If it wasn’t so time consuming I’d say it was almost funny – how, as soon as I return home from running their errands, my parents remember something else I need to get for them. And, for those errands that are so close by that it’s almost easier to not have to drive and then park my car, I generally just walk. So, technically, I’m still being run ragged – although, now, I get to choose when and where I’ll lose those extra few pounds!
*** 3 simple ways to lose weight without really trying:
- Eat less (try eating dinner on a dessert plate rather than on a much larger and more gluttonous dinner plate)
- Move more (drive less, if possible – the planet will thank you)
- Repeat (or, if you’re young and in love, have more children – that’ll keep you on your feet)*
*4 out of 5 dentists recommend it… (and, why wouldn’t they? They stand to make even more money!)
As previously mentioned, I’m not the most patient person on the planet. At this point, having lived with my parents for the better part of the last year, I’d have to say it’s still a work in progress.
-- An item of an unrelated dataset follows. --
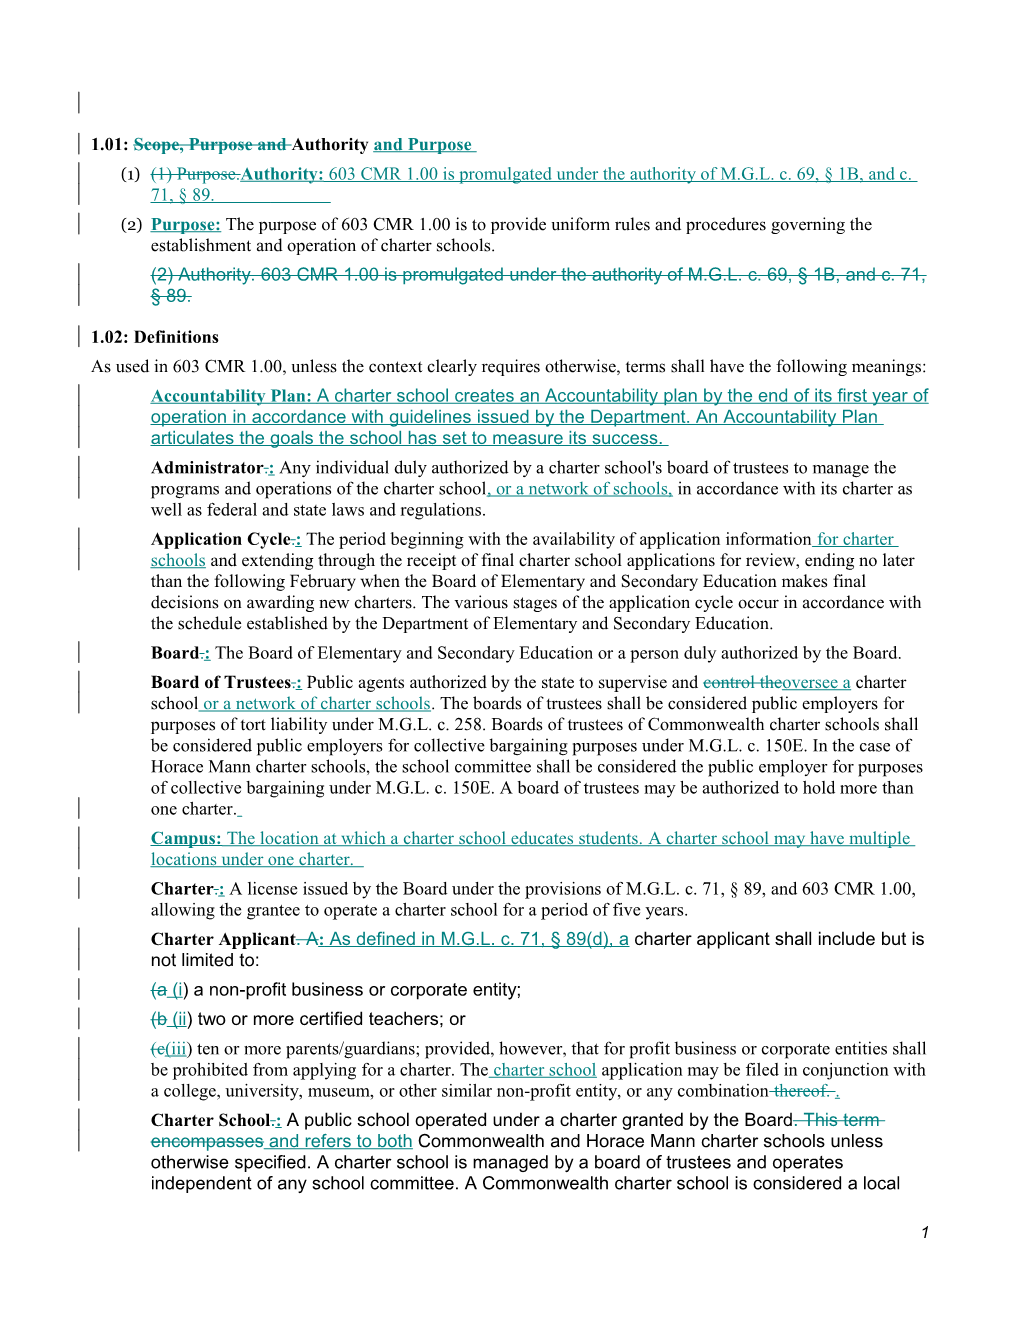 Proposed Amendments to Charter School Regulations, 603 CMR 1.00, Tracked Changes Version

Here are a few things I’ve learned along the way:
1) When getting ready to go out, tell the parentals a good 10 minutes in advance so that they can conveniently go to the bathroom (Mom and Dad), put on lipstick (Mom), find and put on baseball cap (Dad) and hopefully remind me to bring whatever it is that’s needed for this particular outing.
2) When actually leaving the unit, have parentals go ahead and get the elevator – during which time I can gather whatever they forgot, pee, lock up and still get to the elevator, myself, by the time the doors open.
3) When returning home, drop parentals off at the front door to the building, go park the car, pick up the mail and still get to the elevator by the time the doors open.
See… it’s just a matter of planning ahead, not losing my cool by maintaining my patience and three simple steps of ready, set, go!
Yesterday, as I was driving Dad to the doctor, a car suddenly slowed down in front of me. The driver made a turn and then put on his blinker.
That was helpful to nobody.
When we took the elevator up to the second floor and attempted to get out, a young couple was waiting right in front of the open door. They just stood there and stared at us as if they weren’t the ones that needed to move.
That was helpful to nobody.
Then when we walked out to the car, we noticed that someone had parked in the van-accessible lines next to our handicapped spot. The reason you’re not supposed to park there is so that handicapped people have more space to get in and out of their vehicle (especially if they use a wheelchair or walker).
That was helpful to nobody.
So here’s my advice to the less than brilliant people of this world:
Think before you act. Be considerate. Rules apply to everyone (including you). Actions have consequences. And, as they like to say in the sporting world… JUST DO IT!
When our kids were toddlers we heard, “it wasn’t me,” when crayon drawings suddenly appeared on the wall. “It wasn’t me” rang throughout the house after each broken glass vase or spilled milk puddle was discovered.
As our kids got older, “it wasn’t me” referred to anything from a sibling screaming bloody murder (from being hit or taunted or… just to get their older sibling in trouble) to the refrigerator door being kept open in the hot summer months to food-stained dishes remaining unwashed for extended periods of time.
In our transitioning years (sometimes called the sandwich generation), we might be the ones shouting that all too familiar refrain, “it wasn’t me,” when the last postage stamp is used or the TP goes un-replaced. Or it might be our “my bad” when the keys are locked inside the car or (worse) inside the house.
Or maybe it’s time to man up and take responsibility for our actions – a lesson we can learn from our canine friends who, after calmly farting and stinking up a room, will just lie down and act as if nothing at all had happened!